Было отвратительно, но - одно из двух: если я Журомский, я - не еврей; если же я еврей, - какой же я Журомский.

Время двигалось медленно и тоскливо. Унылое однообразие иногда прерывалось неожиданными инцидентами.

Неведомые и невидимые нити связывали всё-таки ДПЗ с внешним миром, вероятнее всего чрез заключенных в общей камере, пользовавшихся большей свободой. Однажды перед окошком у потолка что-то стало мелькать - подниматься и опускаться, точно нацеливаясь на мою камеру. Вскарабкавшись на окно и держась за решетку, я другой рукой пытался захватить веревочку, на которой болтался пакетик, чтобы втянуть его к себе в форточку. Я так сосредоточился на этом, что не заметил появления в камере старшего надзирателя.

- А, рыболов, - сказал он и, в два счета зацепив веревочку, овладел пакетом и конфисковал его. Я успел прочесть заглавие: Вениамин Марков "Личность в праве" и только. Видимо, какой-то доброжелатель умудрился переправить мне мое произведение. За удовольствие увидеть обложку или, точнее, за нарушение запрета взлезать на окно, я расплатился переводом в другую, угловую, и потому более темную камеру.

Развлечением считалось в тюрьме перестукивание с соседями. Я редко прибегал к нему. Это требовало терпения и, кроме того, вело к "разговору" не с политическими, а с уголовными. Бессильное искоренить перестукивание, тюремное начальство боролось с ним тем, что Камеру с политическими окружало уголовными сидельцами сверху, снизу, с обеих сторон.

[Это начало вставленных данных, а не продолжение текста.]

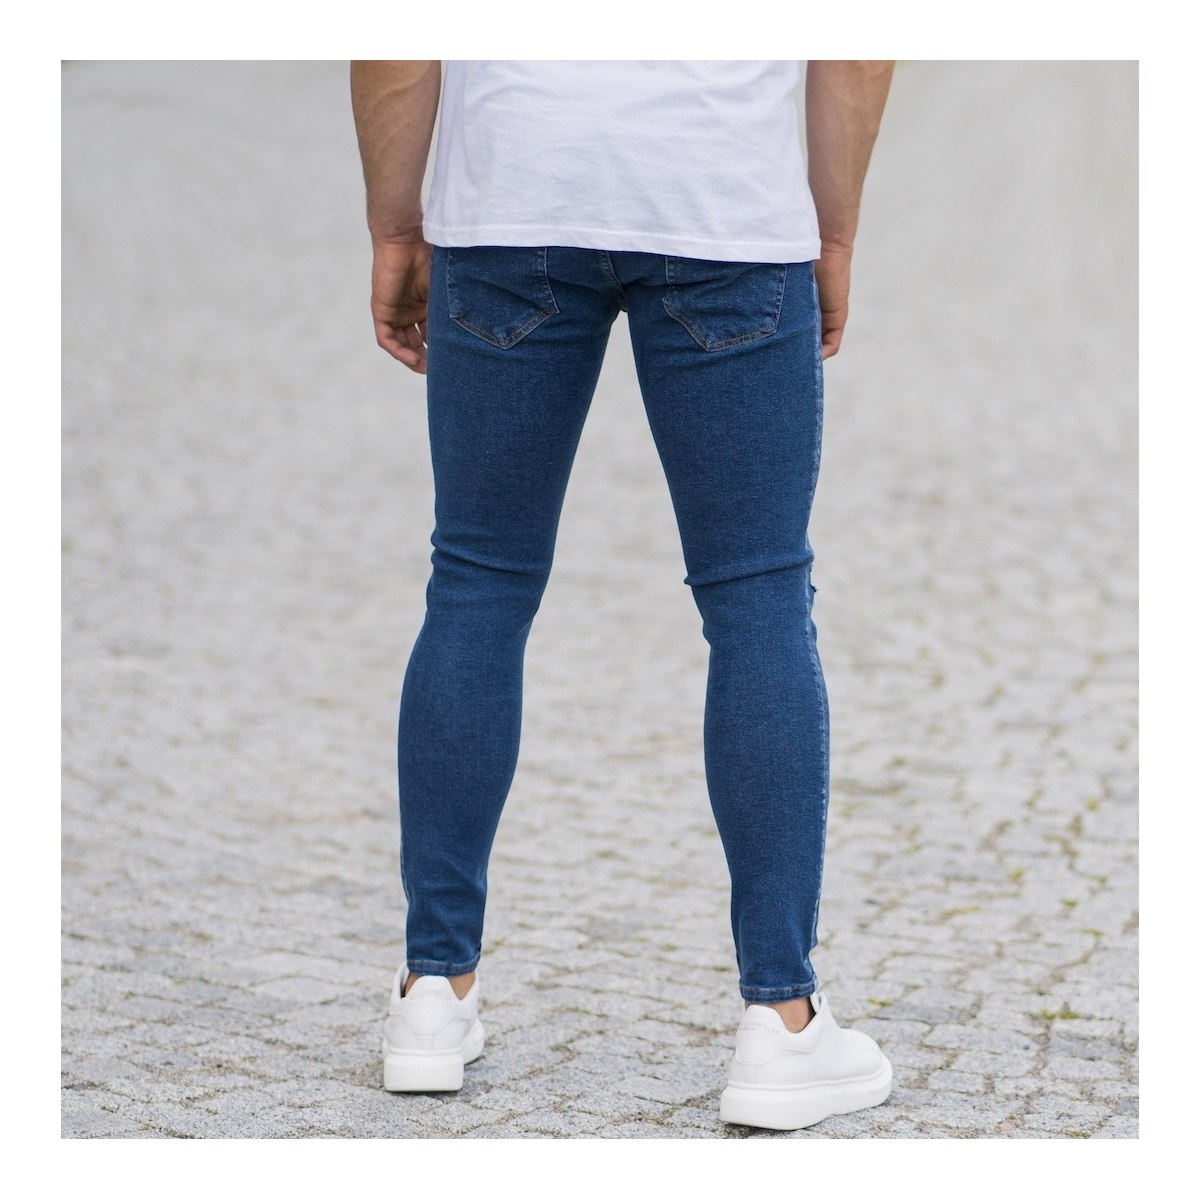 Men's Distorted Leg Skinny Jeans In Navy Blue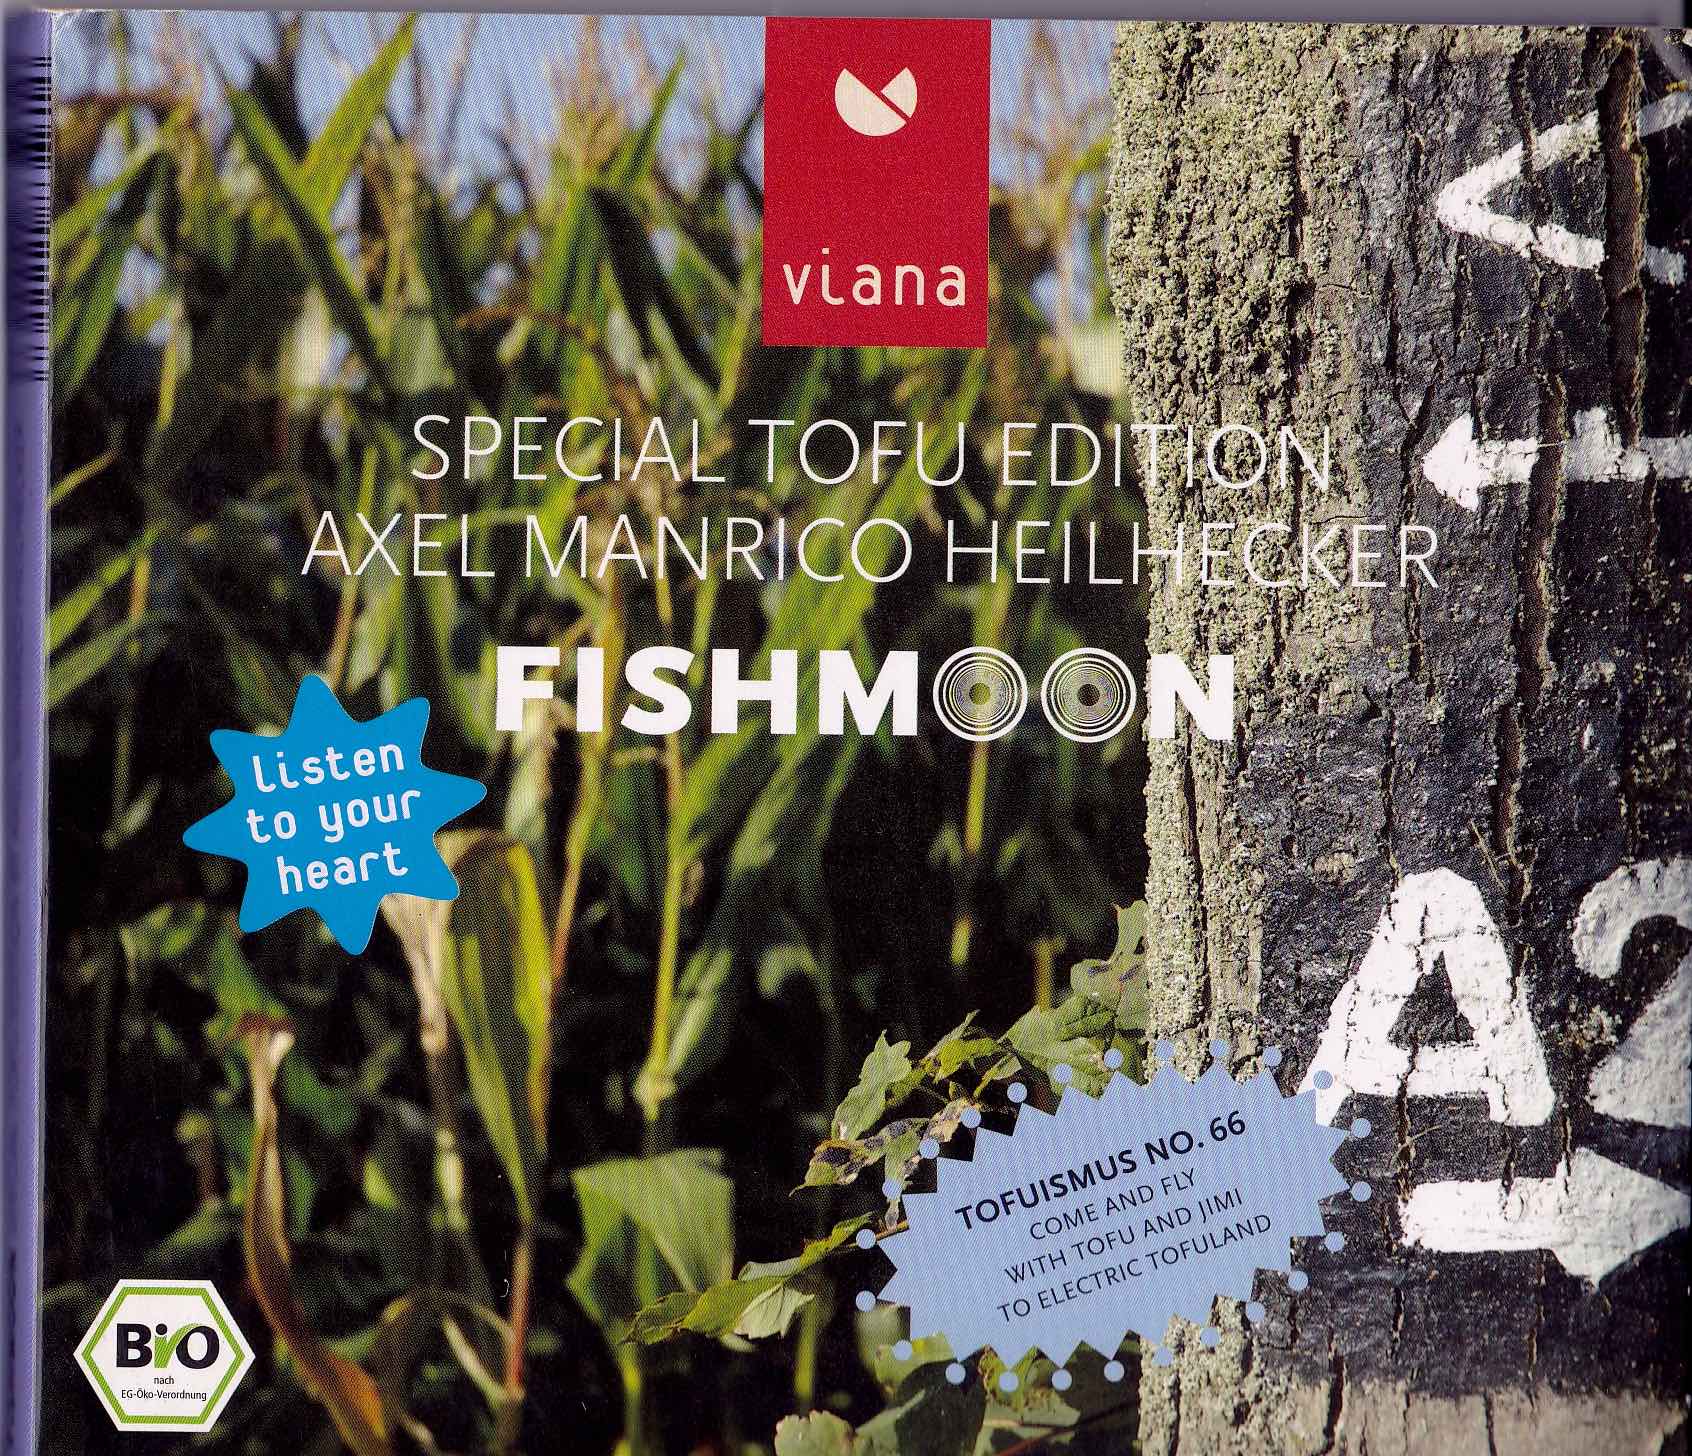 fishmoon special edition album cover

Поздней весной меня настойчиво стал вызывать стуком заключенный подо мной. Им оказался молодой парень с "приказчичьими" манерами выражения. Вместо "деревня", "деревенский" он постоянно говорил "провинция", "провинциальный". В тюрьму он попал за участие в экспроприации казенной винной лавки. Он принял участие в "эксе", видимо, не по нужде и из корысти, а скорее из молодечества, озорства и чувства товарищества. Он недооценивал серьезности своего положения, считая, что экспроприация в частном интересе карается не так сурово, как политическая в революционных целях.

Я не видел его, но изредка слышал его молодой, приятного тембра голос, когда он пробовал что-то напевать, пока надзиратель его не обрывал, или когда он выкрикивал короткие фразы в теплопроводную трубу. Заключение давалось ему очень тяжко. Весна ли, возраст ли настраивали его на лирически-меланхолический лад. Он знал меня в лицо: когда отпиралась моя камера над ним и меня вели на прогулку, он взлезал на окно и глядел, как я проходил в отведенный мне для прогулки загон.